One and Four (originally titled Yige he sige) is a 2021 Tibetan thriller film directed by Jigme Trinley, starring Jinpa, Wang Zheng, Kunde and Darggye Tenzin.

==Cast==
- Jinpa as Sanggye
- Wang Zheng as The Tall Guy
- Kunde as Kunbo
- Darggye Tenzin as The Short Guy
- Tsemdo as a dead cop

==Release==
The film premiered at the Tokyo International Film Festival on 2 November 2021.

==Reception==
Jessica Kiang of Variety wrote that the film is "at times more a filmmaking exercise than a fully formed film, it’s because underneath all the impressive craft there’s not a whole lot of substance.

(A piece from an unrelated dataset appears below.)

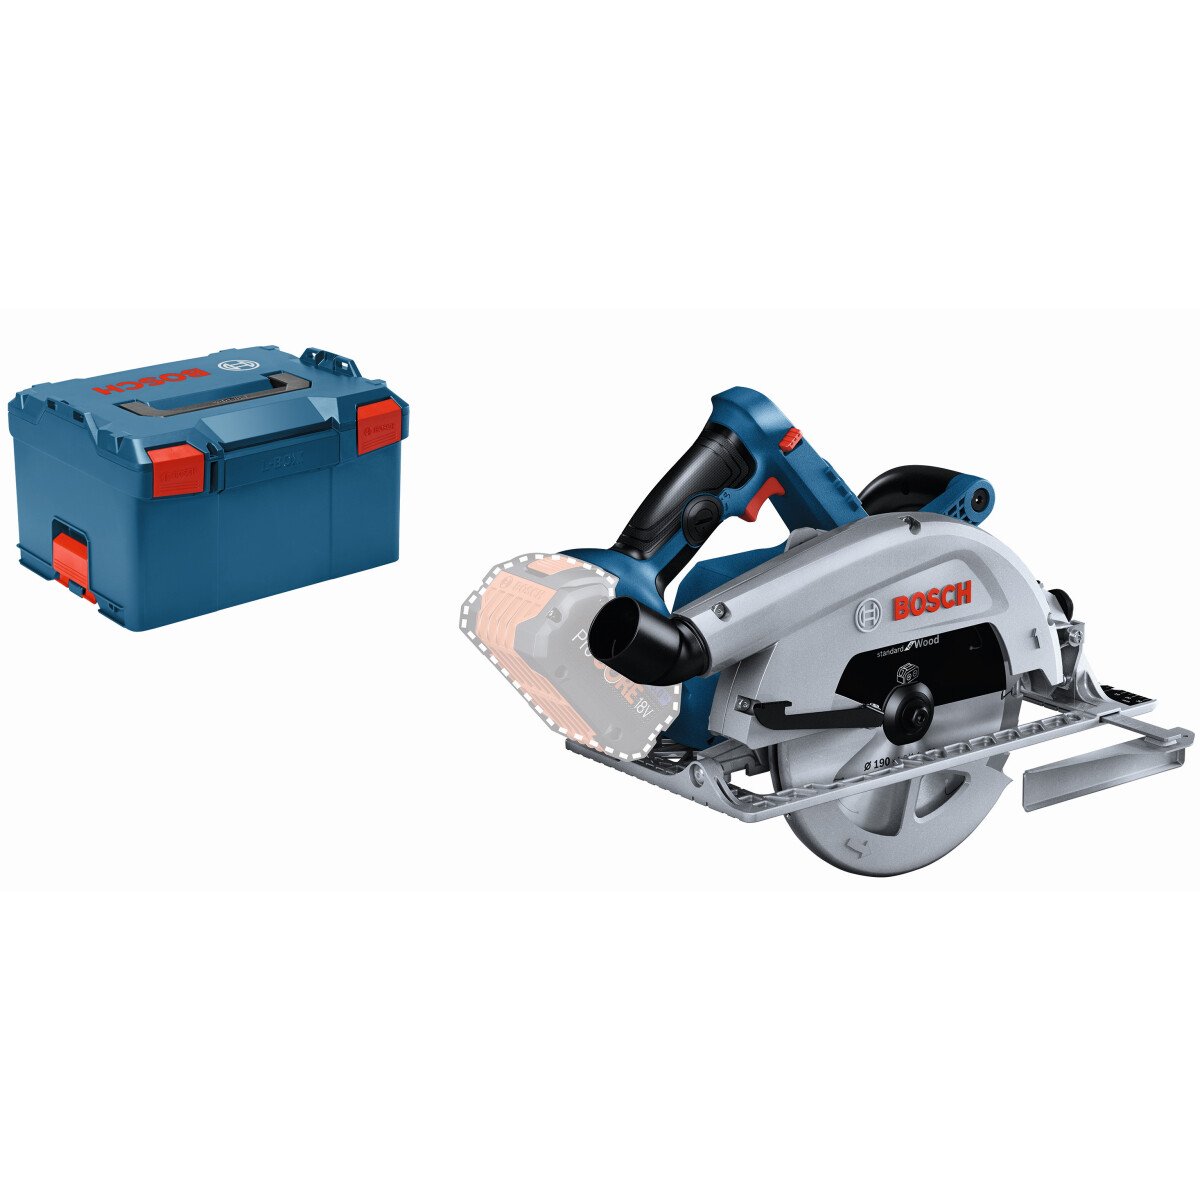 Bosch GKS18V-68CNCG Body Only 18V BITURBO Brushless Connection Ready 190mm Circular Saw in L-BOXX
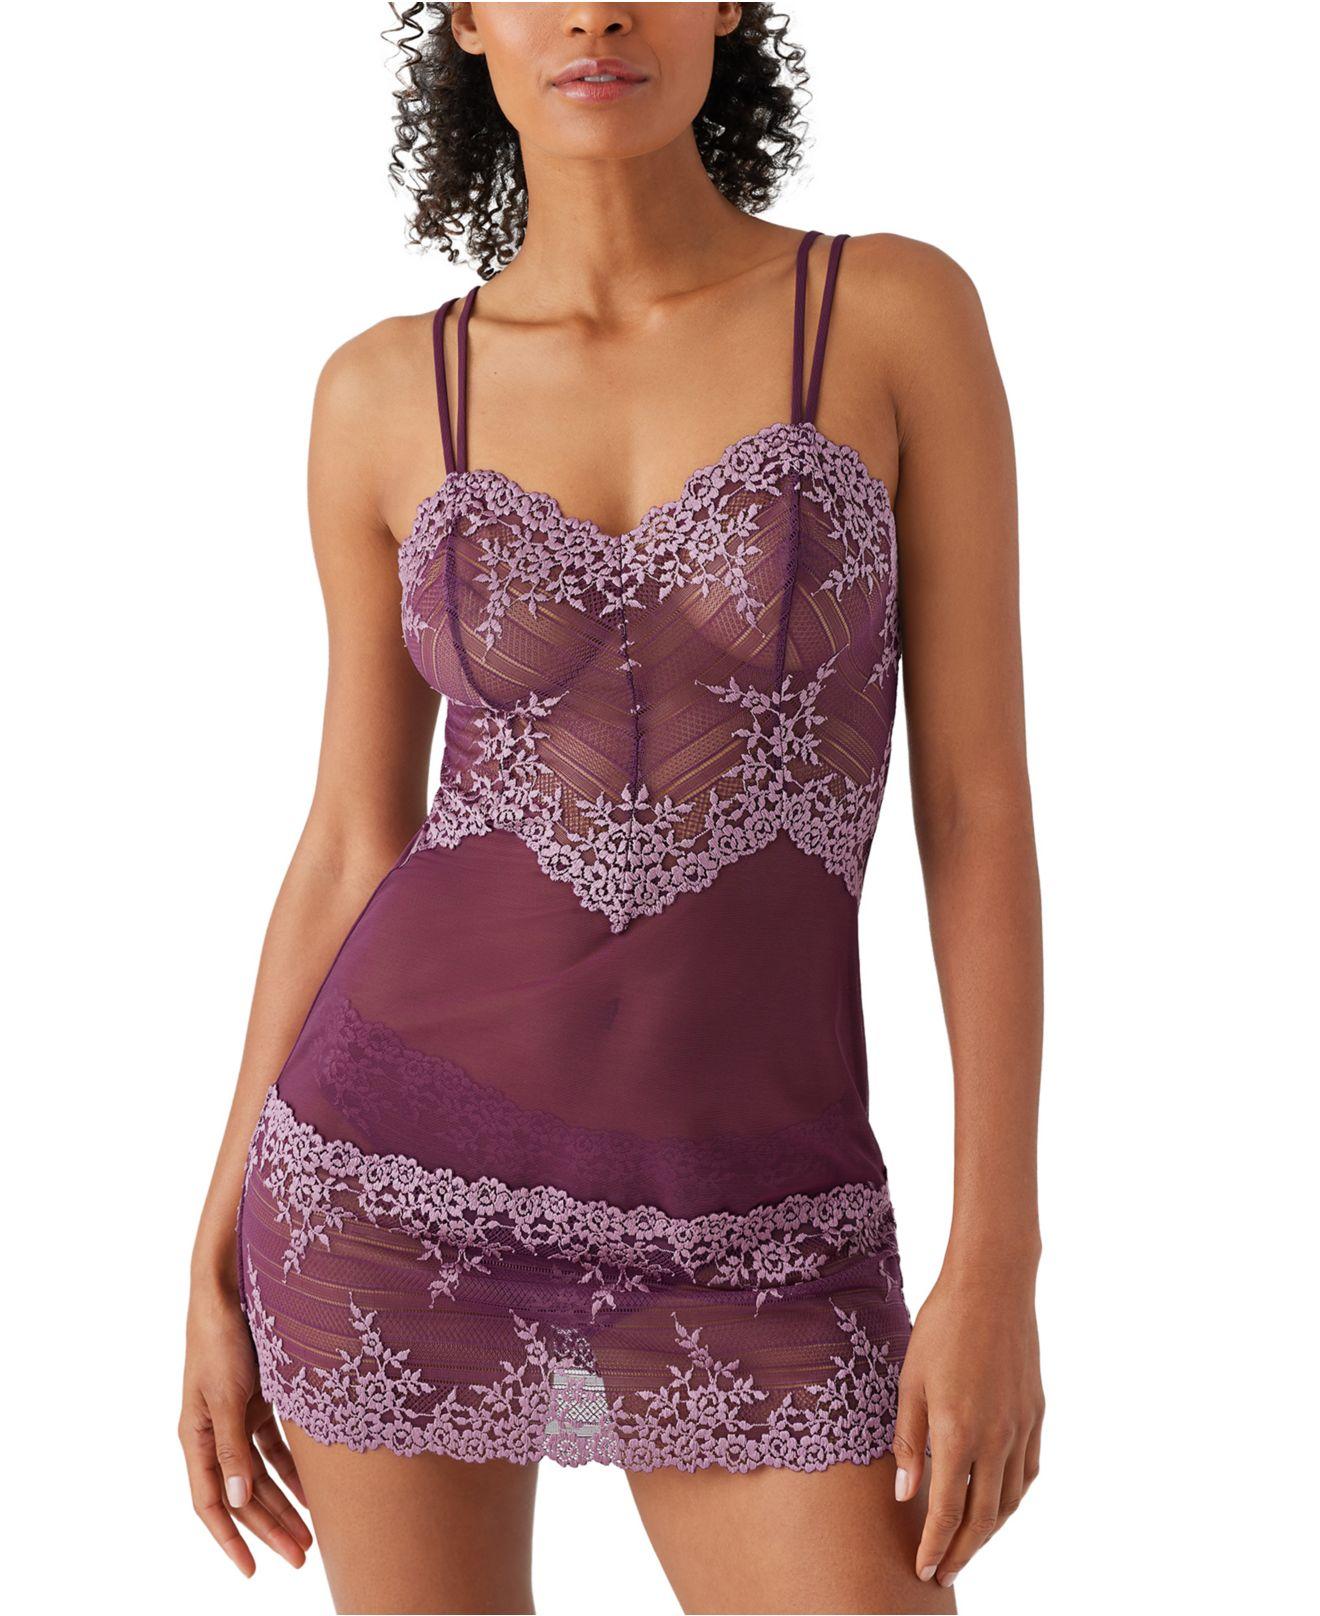 Wacoal ® Embrace Lace Sheer Chemise Lingerie Nightgown 814191 in

But the texture is so convincing you can almost overlook that emptiness, especially when it’s all done with a sly wink and a mordant sense of mischief." Elizabeth Kerr of The Hollywood Reporter wrote that the film is "an efficient and visually engaging, if slightly familiar, tale of modern encroachment on the natural world and the violence it can bring." Kurt Halfyard of ScreenAnarchy wrote that while the film "appears not quite up to the difficult task of tangling and untangling itself", it "still remains an admirable first feature."